--- Exercise instructions ---
The word "with" marks the lines you need; copy each of them from the data.

--- Provided data ---
⟨

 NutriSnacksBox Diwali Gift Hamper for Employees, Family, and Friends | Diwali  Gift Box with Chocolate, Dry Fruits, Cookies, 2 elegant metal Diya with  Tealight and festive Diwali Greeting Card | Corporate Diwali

⟩
⟨

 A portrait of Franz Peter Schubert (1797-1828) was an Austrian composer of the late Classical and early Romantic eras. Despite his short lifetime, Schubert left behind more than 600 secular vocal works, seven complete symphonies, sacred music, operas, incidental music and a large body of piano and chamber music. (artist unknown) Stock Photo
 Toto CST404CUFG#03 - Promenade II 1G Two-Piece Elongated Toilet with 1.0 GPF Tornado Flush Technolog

⟩
⟨

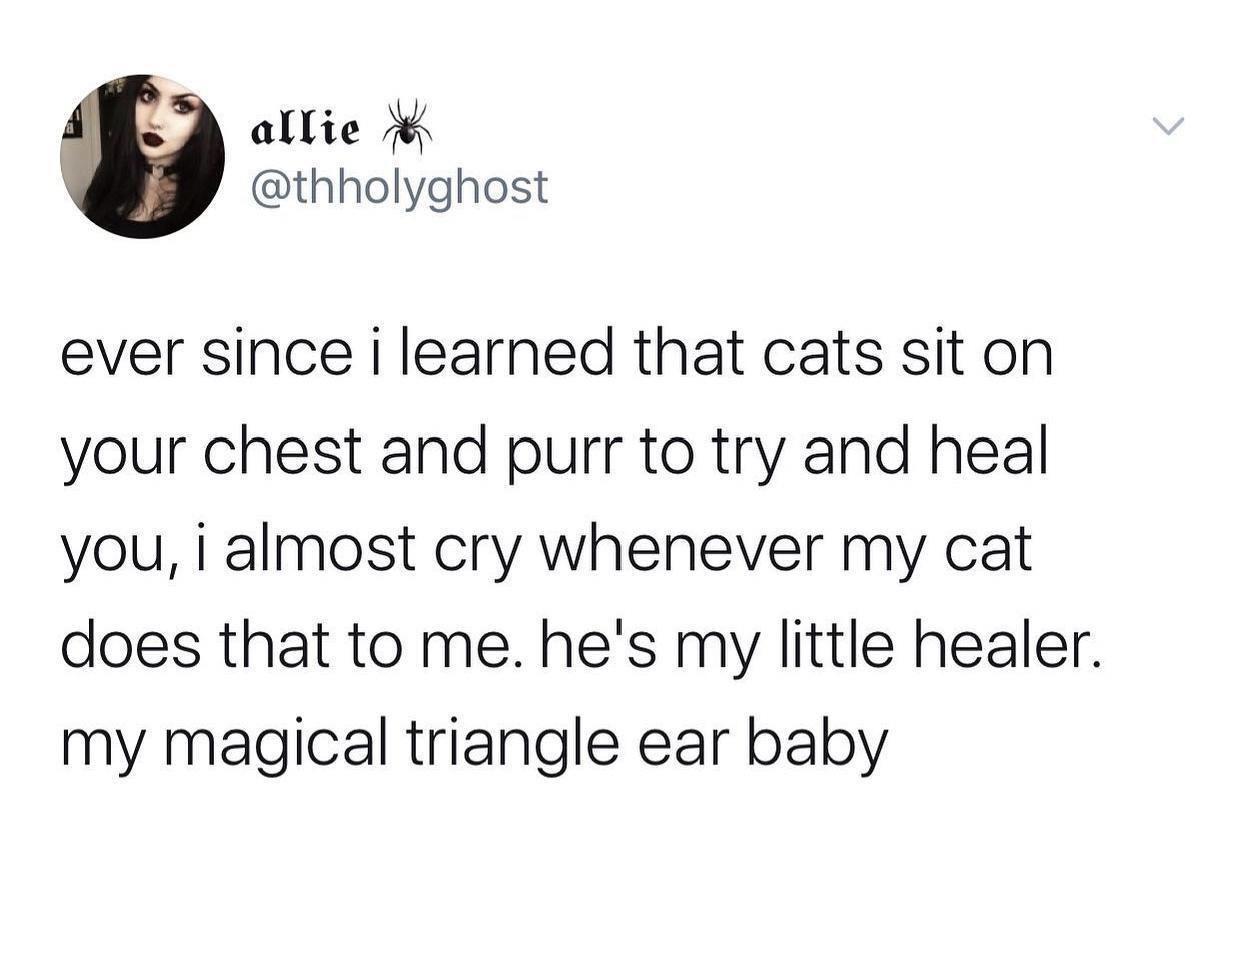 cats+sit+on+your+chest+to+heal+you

⟩

--- Solved exercise ---
 NutriSnacksBox Diwali Gift Hamper for Employees, Family, and Friends | Diwali  Gift Box with Chocolate, Dry Fruits, Cookies, 2 elegant metal Diya with  Tealight and festive Diwali Greeting Card | Corporate Diwali
 Toto CST404CUFG#03 - Promenade II 1G Two-Piece Elongated Toilet with 1.0 GPF Tornado Flush Technolog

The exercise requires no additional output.